Se considerarmos que somos jogados no mundo, sem nenhuma noção de que inimigos vamos enfrentar nem de que armas precisaremos, a vida será sempre um exercício assustador de tentativa e erro.
E como desembarcamos sem um manual de instruções para cada situação, interagindo com pessoas sempre tão diferentes, não há a possibilidade que se estabeleça uma estratégia de defesa, e fica muito claro que o máximo que podemos fazer é tentar não repetir os erros, na expectativa generosa que a maturidade nos encontre sábios e serenos.
Uma fantasia precoce na vida moderna é de que seria muito bom se tivéssemos alguém com quem compartilhar nossas dúvidas ou, idealmente, alguém para copiar. Sem ombros e sem modelos, nosso viver assume ares de um videogame em que estamos eternamente tentando desviar de inimigos impiedosos e traiçoeiros, as vezes reais, em outras imaginários.
Sem airbags emocionais confiáveis, saímos de casa todos os dias, de peito aberto ao que o mundo ofereça, de melhor ou pior, e sem aviso prévio.
Sem airbags emocionais confiáveis, saímos de casa todos os dias, de peito aberto ao que o mundo ofereça, de melhor ou pior, e sem aviso prévio.
Os otimistas considerarão que este é o lado mais excitante da vida, enquanto os pessimistas se consagrarão ao verem que tudo o que previram como desastre desastrou.
O nosso “modelo de fábrica” original traz a desconfiança como único e precário recurso de proteção, e, sem saber como utilizá-la, incorremos com frequência no exagero de desconfiar de todos, e é certo que não precisamos chegar a esse extremo, porque não é tão raro assim que encontremos pessoas genuinamente boas.
É certo que, se confiarmos muito, algumas vezes nos quebraremos, mas os que desconfiam sempre se tornam amargos pela escassez de reciprocidade de afeto, e essa é matriz da mesquinhez.
Quem tem tempo de ouvir as histórias ricas que brotam nos ambulatórios pobres descobre formas ainda mais deprimentes de mau-caratismo, como aquele que, sem a barreira da desconfiança, prospera na boa fé.

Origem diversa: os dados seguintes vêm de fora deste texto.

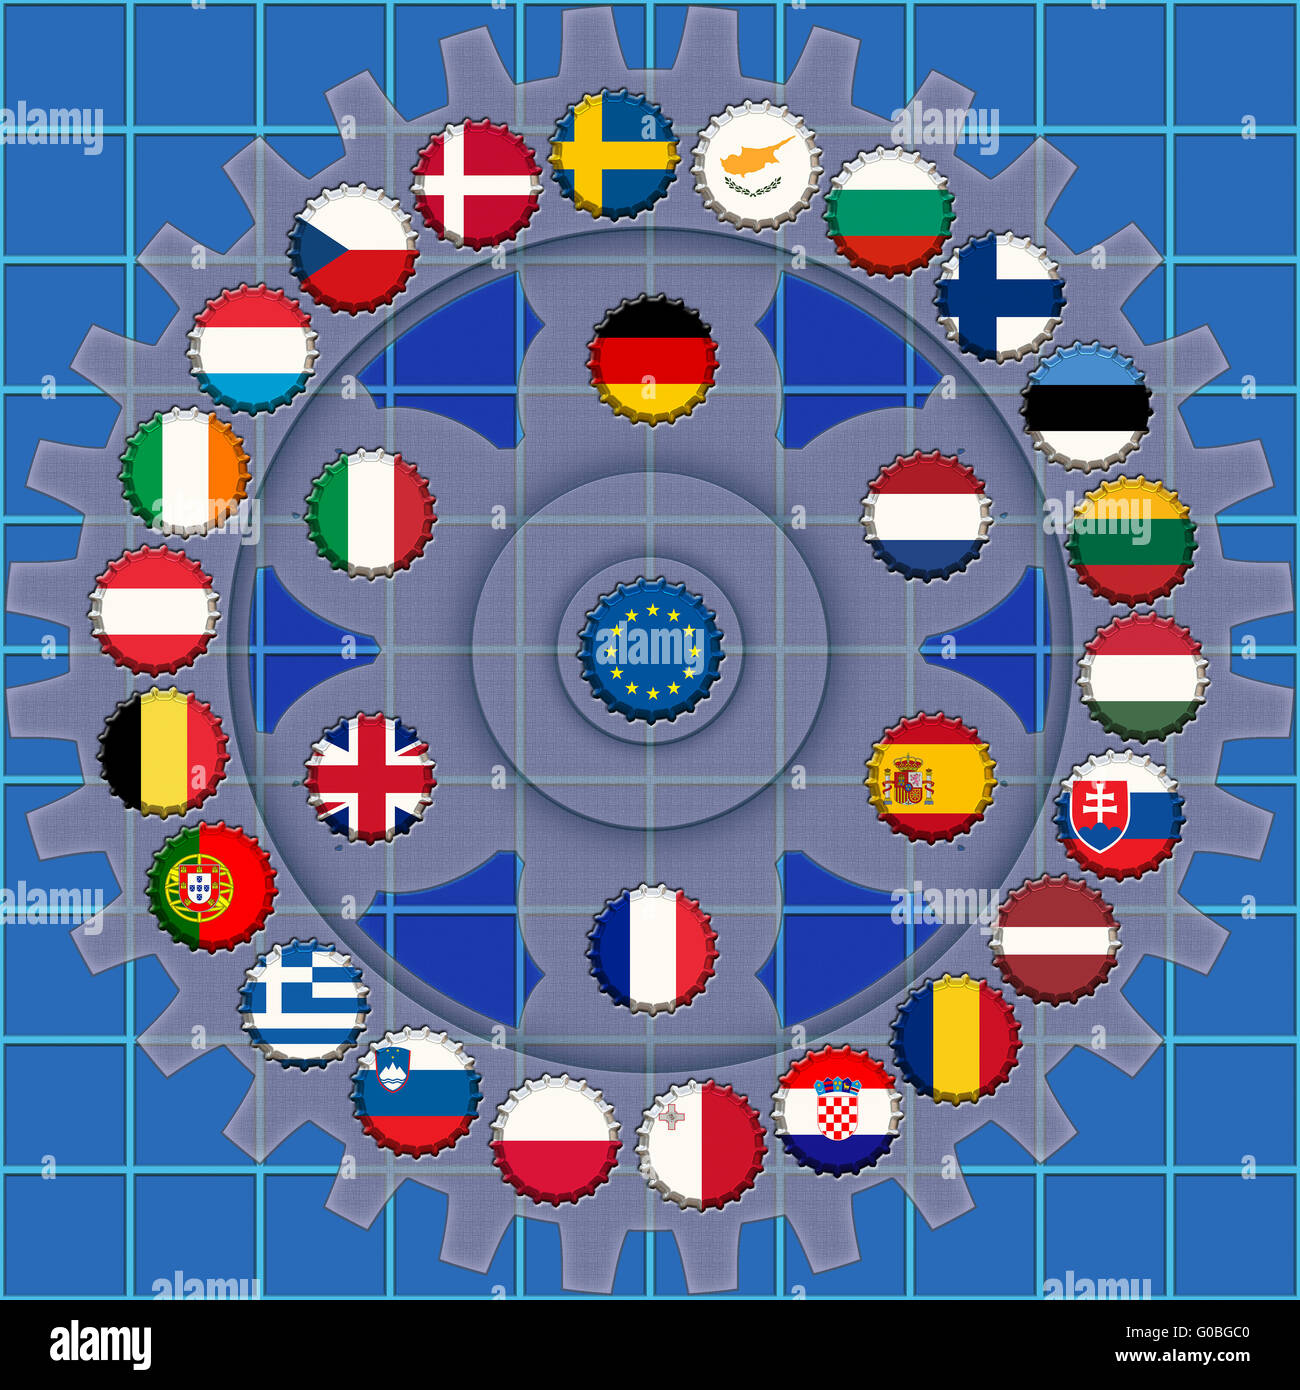 colors of the member states of the European Union Stock Photo

Conheci a Marialva quando a operei no final dos anos 1990. Na época, ela era classe média, mas morava em casa própria, com o marido aposentado, e tinha um plano de saúde. Recentemente, quase não a reconheci ao entrar na minha sala, trazida pela secretária com o alerta de que precisava muito me ver, mas não era uma consulta.
— Viuvei há quatro anos e, uns tempos depois, minha irmã pediu que acolhesse meu sobrinho que arranjara um emprego na Capital — ela contou. — Sempre oferecido para me ajudar, foi tomando o controle das minhas contas, e no ano passado descobri que ia ser despejada se não vendesse a casa para pagar as dívidas, que nem entendi ainda de onde brotaram. Agora só tenho SUS e moro de favor com uma prima, em troca de cozinhar e limpar a casa. Às vezes penso que foi bom ter ficado sozinha. Se o Anselmo ainda estivesse vivo, eu teria morrido de vergonha dele. Agora estou aqui para ver se o senhor me consegue umas amostras grátis de antibiótico. Qualquer antibiótico!
Desconfiar de quem não conhecemos parece mais ou menos espontâneo, mas se a questão for dinheiro, talvez seja recomendável desconfiar também, e muito, de quem nos conhece mais, pois esses sabem, como ninguém, nos fazer sofrer.